You know that handbasket?  The one that goes to hell?  Yeah.  My life’s been in that basket for far too long now, and I want off this ride.

Things have been generally stressful since Hubs went west in mid-September, leaving me as the Responsible Party with all three kids, three dogs, and a house to pack and move.  Then he had a wreck on November 1. Much chaos and difficulty ensued with getting his car evaluated, getting answers from insurance, etc.  After three weeks, they finally decided to total his car and he had to find a new one, fast.  Mind you, he went ahead and bought that car over three weeks ago, because he needed a car for work and insurance declined to pay for a rental car any longer, and yet the check from insurance for his old car didn’t show up until yesterday.

I was already developing serious concerns about our insurance company before I had a wreck, on November 16.  Again, it took a ridiculously long time for them to decide whether to repair or total my minivan. My sweet minivan (don’t laugh!), the only new car I have ever owned, which Hubs got for me for Christmas six years ago. Yeah, it was a mom car, but it handled so well, and had nice leather seats and a DVD player and room for all of the kids and assorted junk.  By December 3, they finally decided to total the car.  Did I mention that they kept telling me that they were waiting on a report from the guy who inspected my car?  And they fed me this line for a week and a half? And the report was there, in their system, the whole time, only with a slightly different title than what they apparently expected? Gah.

So, my rental car subsidy ran out on Friday, but I cannot locate the title for my late lamented van (I’m wondering if the bank ever sent it when I paid off the loan – I can’t remember receiving it), and so I am in a similarly awkward position of having no money and no vehicle.  Well, actually, I still have the rental car, because I don’t have a choice.

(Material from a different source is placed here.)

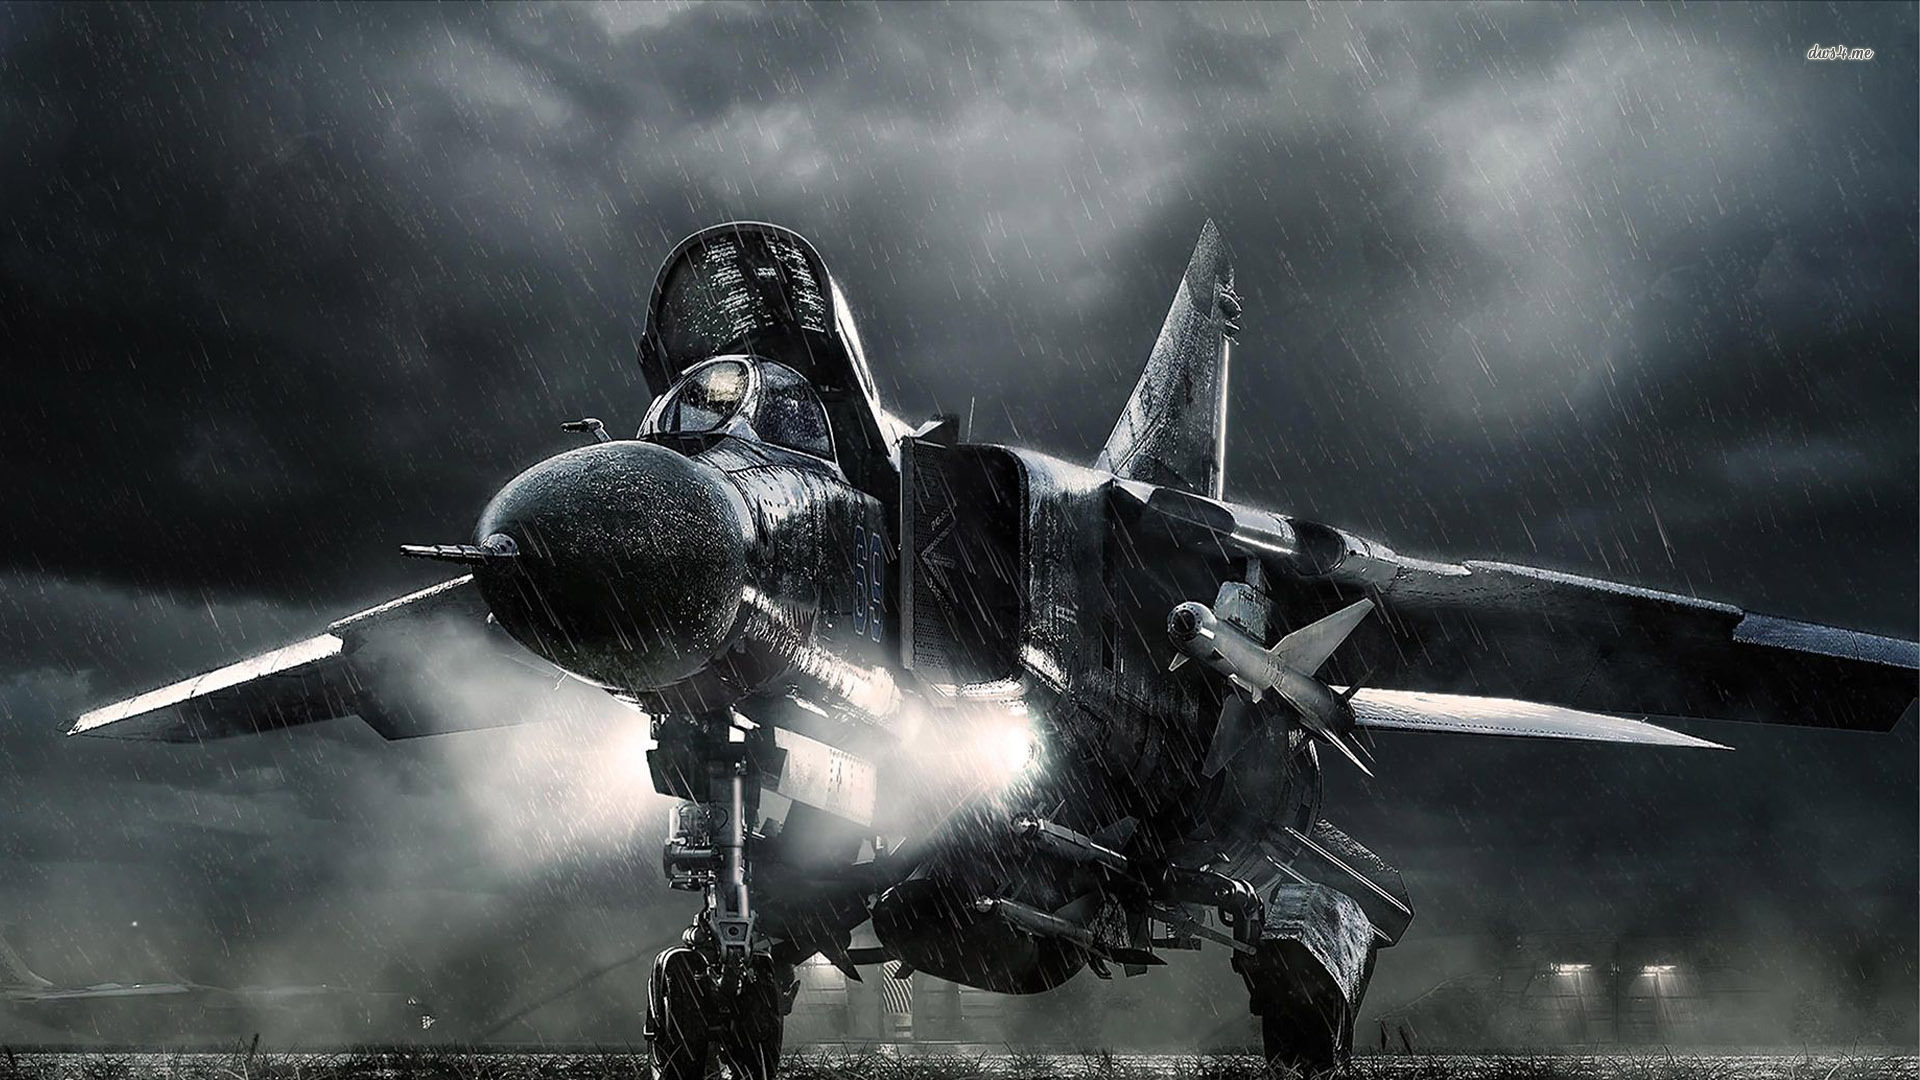 Military Mikoyan-Gurevich Mig-23 HD Wallpaper | Background Image

I have to apply for a replacement title, and then send in that title to the salvage yard so that they can officially total my van and pay me.  I fear this may take a while.  Did I mention that we’re moving to Texas? In a week?

In other fun news, I went to the emergency room one night over the Thanksgiving holiday – always a good time. I wished fervently for hand sanitizer – nay, a personal protection bubble – while I sat in the waiting area with A (the patient), baby D (the bottle-refusing baby), and a huge crowd of coughing, hacking, sniffling sick people. A fell and whacked her cheek and the side of her body pretty well, but the doctor said she didn’t have a concussion and sent us home after more than three hours.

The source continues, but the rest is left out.